Two posts that I read recently raise the question of whether the information economy has become too efficient.
The information economy has created a better informed but often impulsive consumer and it has created a networked information effect that ripples quickly through society allowing small pieces of information to set off a disproportionately large reaction – some positive and some negative. Like never before we can also act on information immediately creating economic whiplash.

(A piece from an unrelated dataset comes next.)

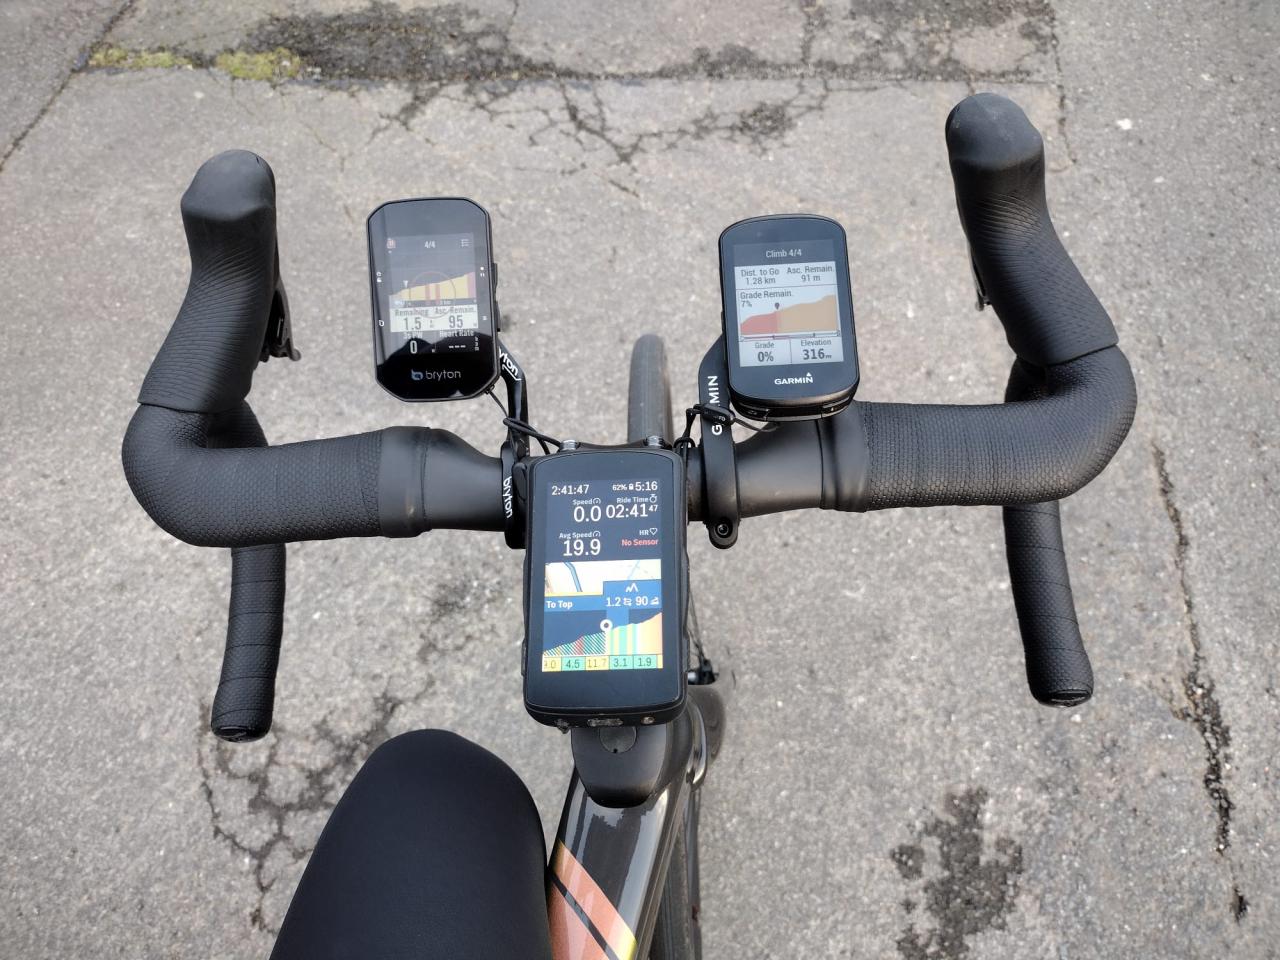 Garmin Edge Touring GPS Cycle Computer

In “Are We Losing the Narrative Self?“, Michael Goldhaber discusses how we are losing the concept of defining ourselves through our histories in favor of a more reductionist approach where:
You are your current set of interests, contacts, Twitter postings, Facebook postings, blog postings, listserv controversies, your latest images, and YouTube videos — trapped in an eternal but changing present that gives no sense of birth or death or growing up, or even growing at all.
I’m hardly a Luddite, but I sympathize with both arguments. I applaud the technical advances that have made information flow so efficient, but I also recognize that our cultural evolution has lagged this technological progress.
We’re in similar situations with regard to trust, privacy and connectedness. Our ability to transmit data has far outstripped out ability to comprehend information, and our initial reflexes tend to promote the superficial.
Historically, technical advances that improve the flow of information have done far more good than harm. Just consider the evolution from scribes to the printing press to digital libraries as an example. Yes, we also ended up with reality TV shows and Perez Hilton, but overall we’ve made progress.
Perhaps technical advances will help us overcome the same superficiality they have promoted. If not, it will be up to our own cultural evolution to catch up.